There was no doubt then.

She had just over seven minutes to live.

She watched as the planet and its star revolved past her screen, taking in more detail each time. Clouds of metallic debris, and among that debris another slim black capsule nearby, its glossy surface flashing as it caught the light of the sun. A thought flickered through her consciousness along with conflicting emotions of relief and anxiety.

I am not alone.

Even as she considered this, she saw the capsule suddenly emit a burst of gas into the blackness that instantly turned to ice crystals in the frigid vacuum. The capsule righted itself, its endless tumbling arrested as a small blinking light began flashing on one end that she recognised as an anti–collision beacon.

She looked down and in the fragments of illumination provided by the sunrise she saw two small handles embedded into the interior wall. She grabbed them and yanked them this way and that.

A hissing sound filled the capsule and she felt its rotation change, twisting awkwardly sideways and slowing a little. Her brain rapidly orientated itself to the controls and she saw her oxygen supply diminish slightly faster as she fired controlled bursts, venting the precious gas out into space.

She ceased rotating and sunlight filled her vision. She turned the capsule, rotating it enough to shield her from the star’s blinding flare, and scanned the debris field. There, amid the tangled wreckage, she saw numerous other glossy black capsules spinning and rotating in the silent void. As she watched, several of them began emitting bright flashing lights from their bases and firing jets of gas.

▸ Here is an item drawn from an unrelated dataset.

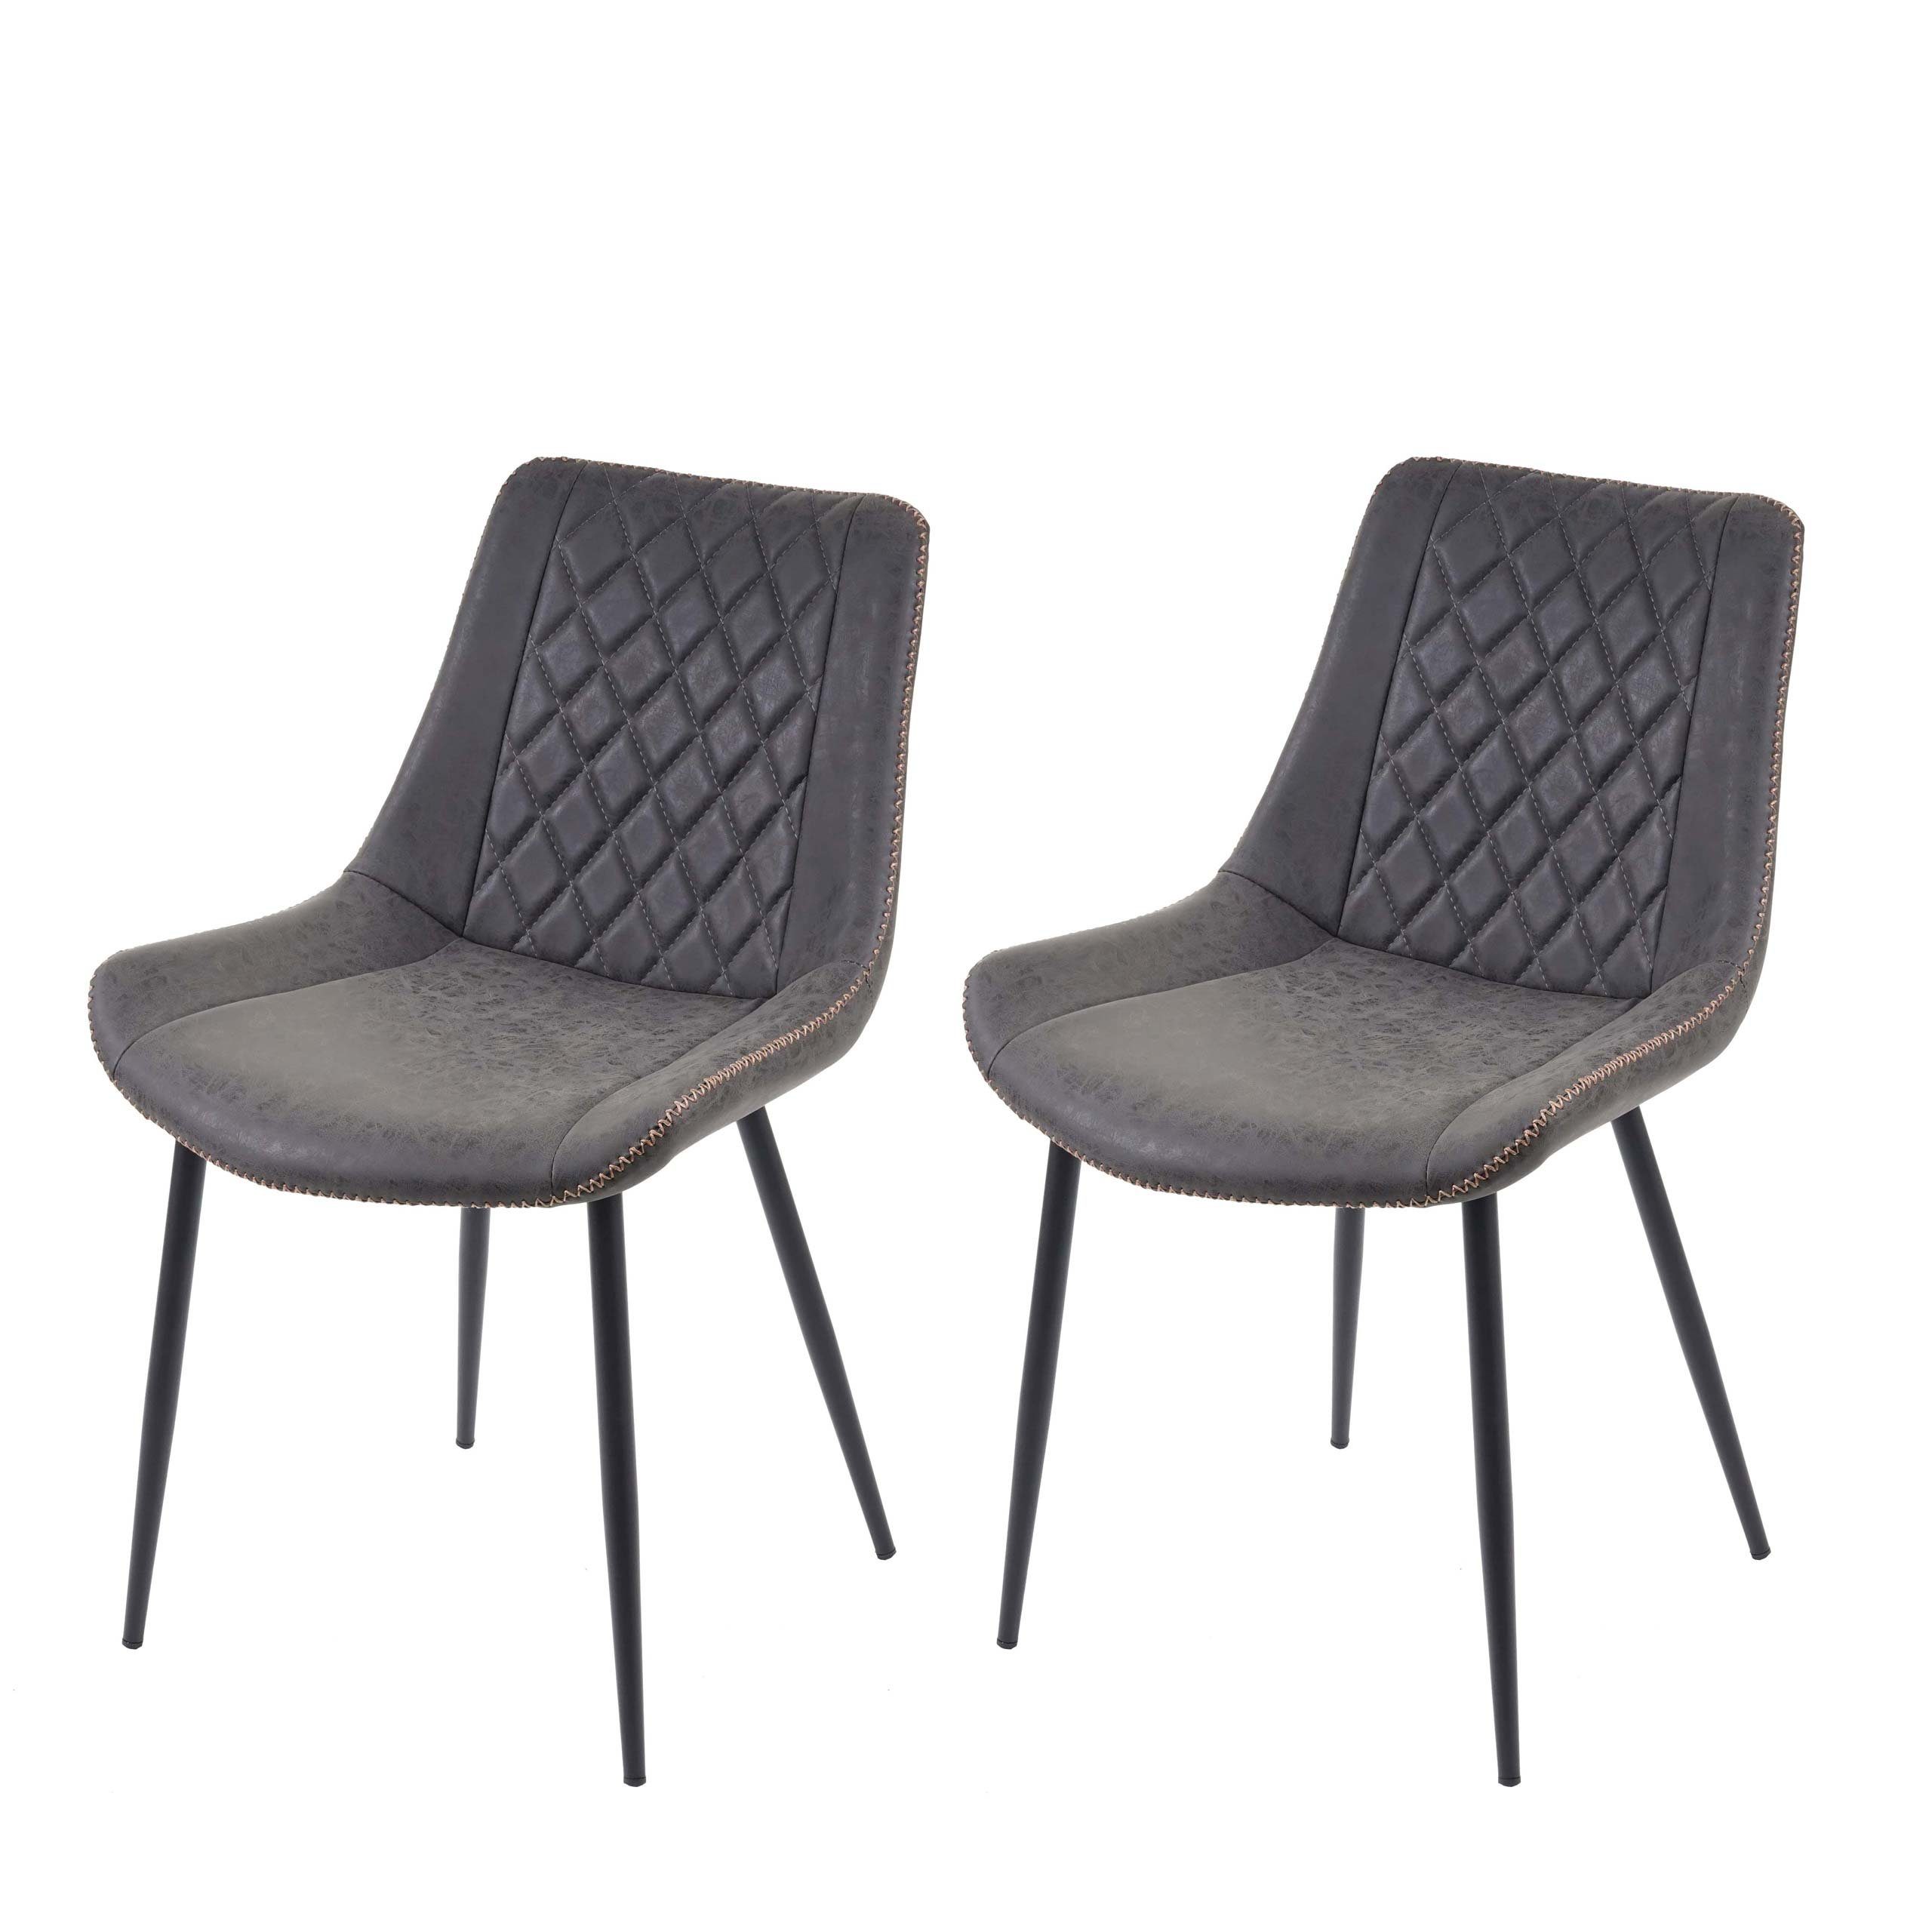 MCW Esszimmerstuhl MCW-E56-2 (Set, 2 St), 2er-Set, Inklusive Fußbodenschoner, dekorative glänzende Ziernaht wildlederimitat dunkelgrau | grau | Stühle

She looked at the timer on her control panel:

The wreckage around her tumbled in a mass of colliding fragments and her capsule shuddered as a chunk of debris slammed into it. She fought for control, wasting more precious air as a twisted girder of metal floated past, flashing as it reflected the sunlight.


Out of the screen she saw a flare of white light, a reflection of the nearby star’s light off something larger than a chunk of debris. Through the clouds of wreckage she saw something looming, cast half in shadow by the harsh starlight. Big. Intact. Sanctuary. Suddenly she recalled what the vessel was: a prison.